После окончания собрания брат и сестра вернулись в гостевые покои.
— Брат Цихуа, похоже, мне пришлось лично прийти за тобой, чтобы ты соизволил посетить мой Павильон Юйсю, — подошел Гао Сяоянь. Его теплая улыбка была мягкой и успокаивающей, он сиял, словно солнце и луна, и был строен, как сосна под ветром.
Чжэн Юй была немного удивлена. Они были знакомы недолго, но уже так сблизились, что Гао Сяоянь называл ее брата по второму имени — Цихуа.
— Моя младшая сестра тоже здесь. Как я мог без твоего разрешения опрометчиво отправиться к тебе? — Чжэн Ли поклонился в ответ, его темные, словно лаковые, глаза блестели.

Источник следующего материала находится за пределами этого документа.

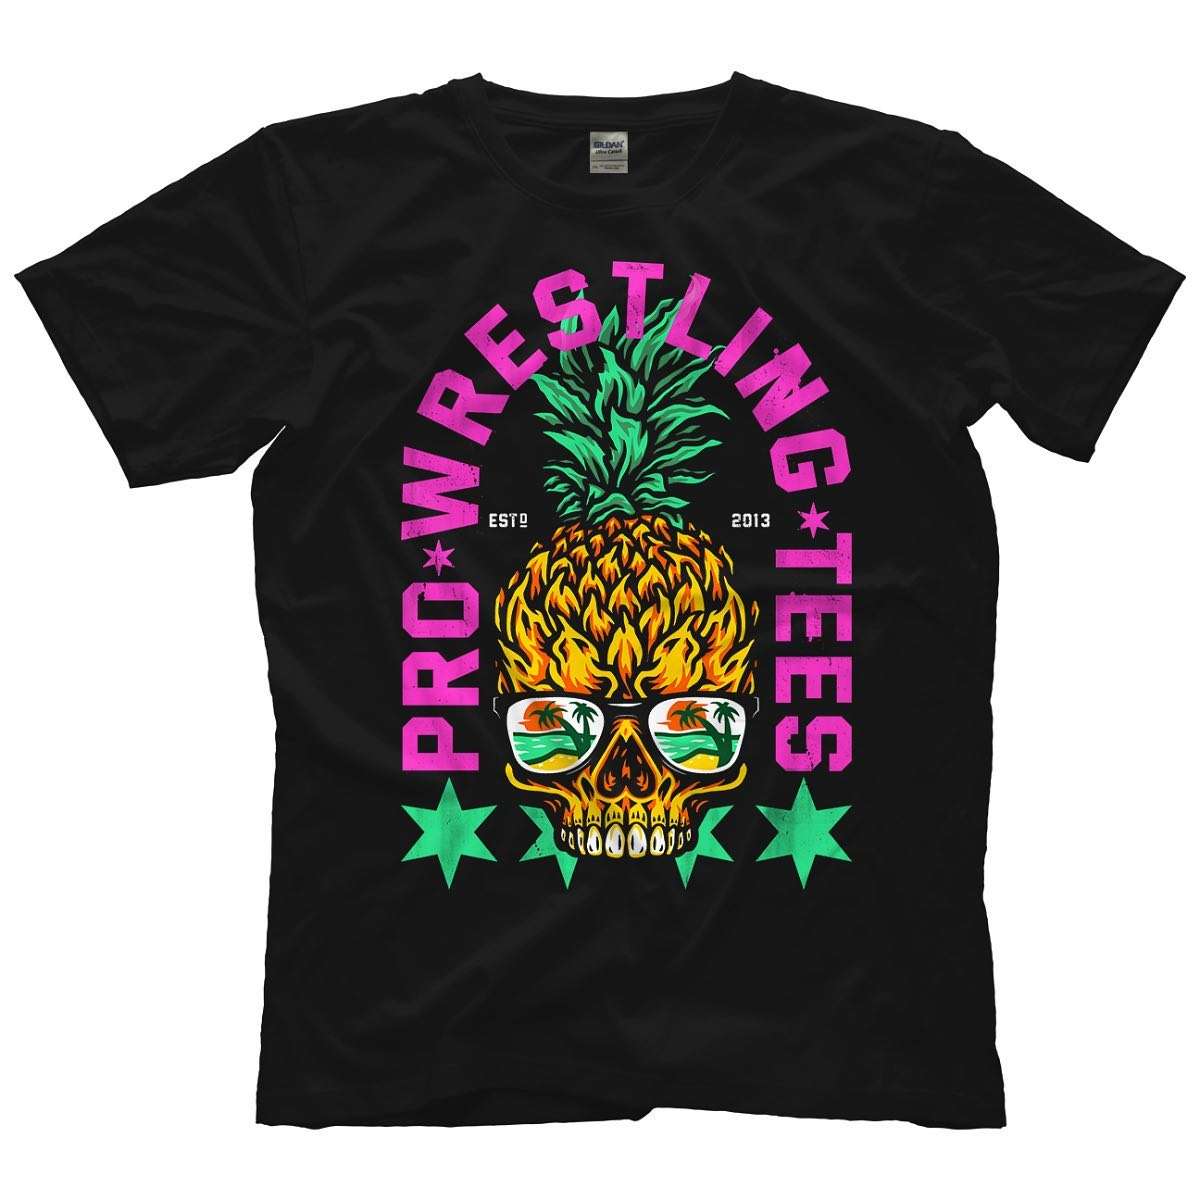 Pro wrestling tees - Pineapple skull, professional wrestler

— Раз мы с тобой родственные души, к чему эти церемонии? Твоя сестра — настоящее сокровище. Тебе, как старшему брату, очень повезло.
Сердце Чжэн Юй расцвело, но, увидев, как у брата дернулся уголок рта, хотя он и сохранял улыбку, она немного смутилась и не решилась ничего сказать, затаив обиду.
Они прошли через переднюю галерею. Во дворе Павильона Юйсю было тихо, тени от османтуса ложились пятнами. Небольшой дворик перед павильоном был окружен извилистой галереей. В южной части двора возвышались каменные столбы, похожие на побеги бамбука, обвитые зеленым плющом. Древние деревья и зеленый бамбук оттеняли изысканные цветы. Внутри павильона, в восточной части, стояла кушетка из красного дерева с плетеным сиденьем, а на стене висела мраморная панель. Посередине располагался стол «восьми бессмертных» с креслами тайши по бокам, на столе лежала шахматная доска. На стенах по обе стороны висели каллиграфические работы и картины известных мастеров. В северной стене было три узорчатых окна. У западной стены стоял стол для циня из красного дерева, на котором покоился старинный семиструнный цинь с едва заметными трещинками на лаке, похожими на ледяные узоры.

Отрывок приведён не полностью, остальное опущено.